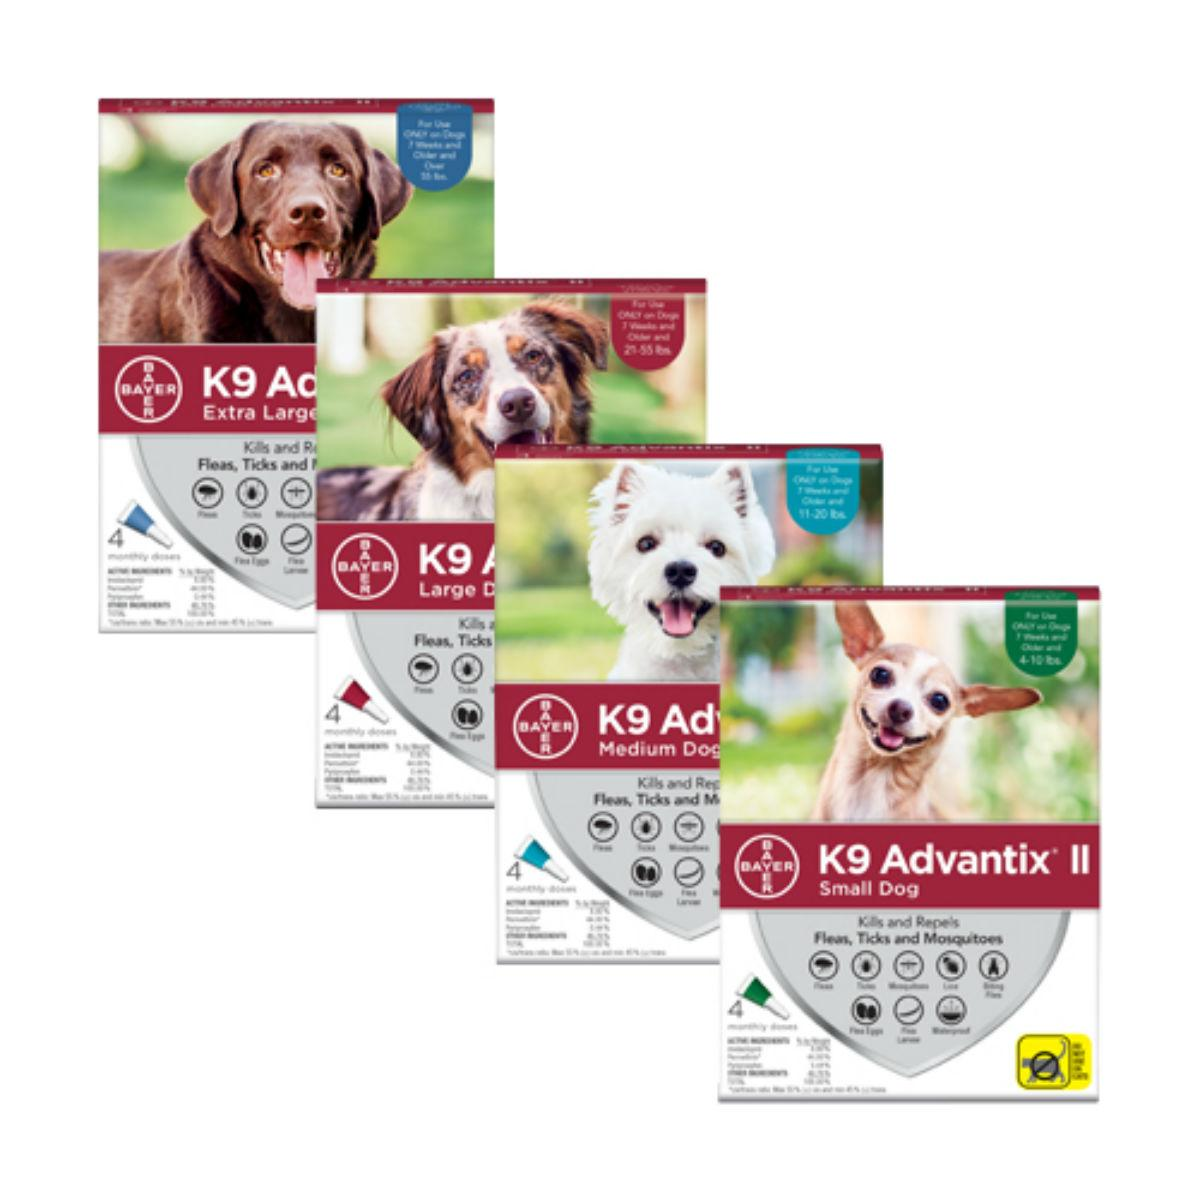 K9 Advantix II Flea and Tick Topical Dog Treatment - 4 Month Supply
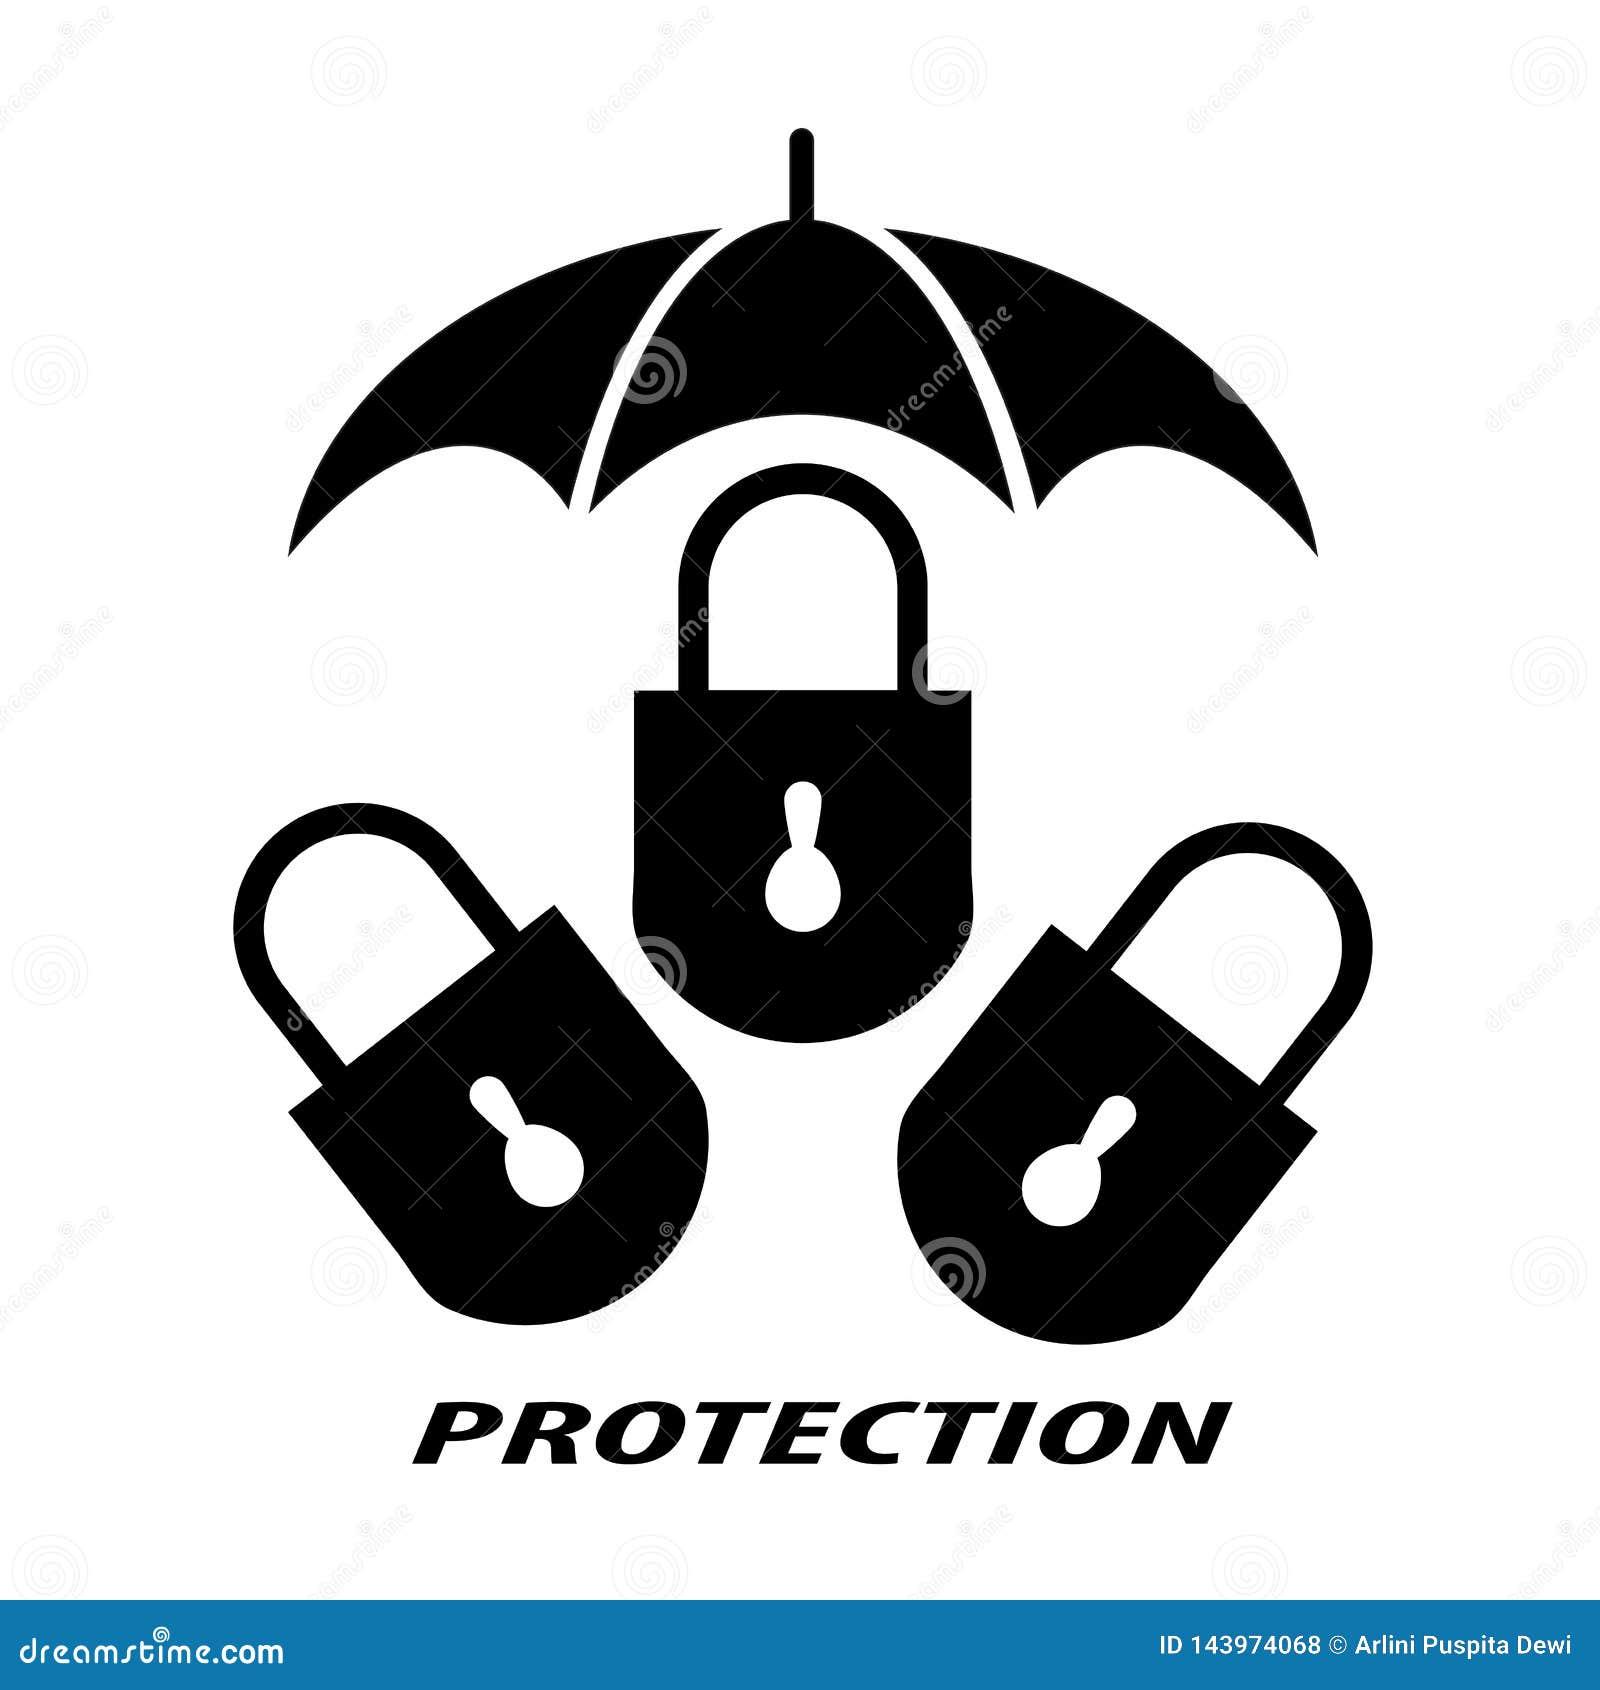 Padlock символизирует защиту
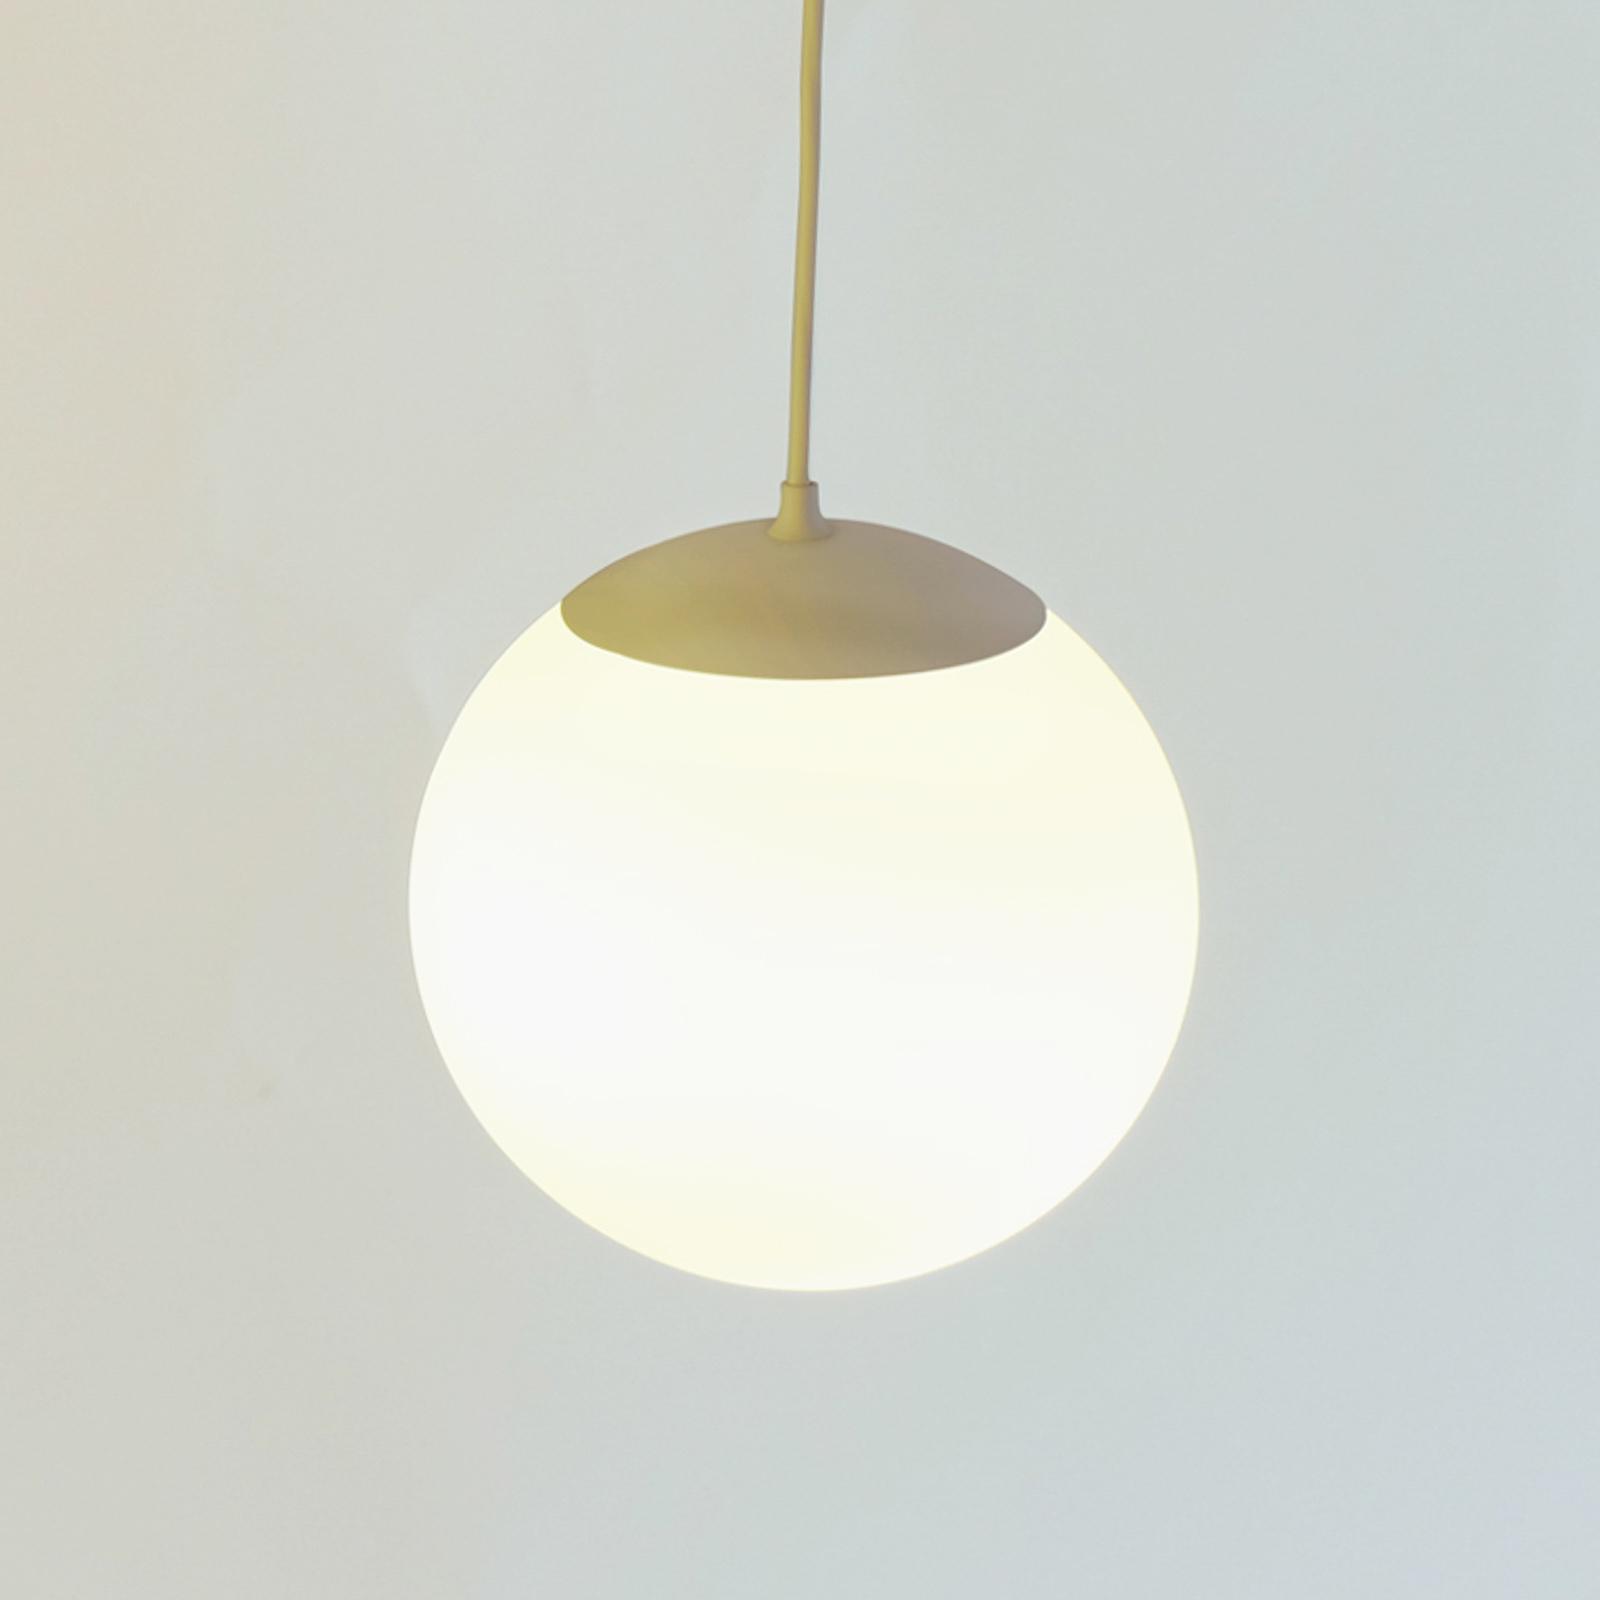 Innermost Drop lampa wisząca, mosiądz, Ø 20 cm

+++++

### How to complete this task
Transcribe the data exactly, minus any images.

### Task answer
 K9 Advantix II Flea and Tick Topical Dog Treatment - 4 Month Supply
 Padlock символизирует защиту
 Innermost Drop lampa wisząca, mosiądz, Ø 20 cm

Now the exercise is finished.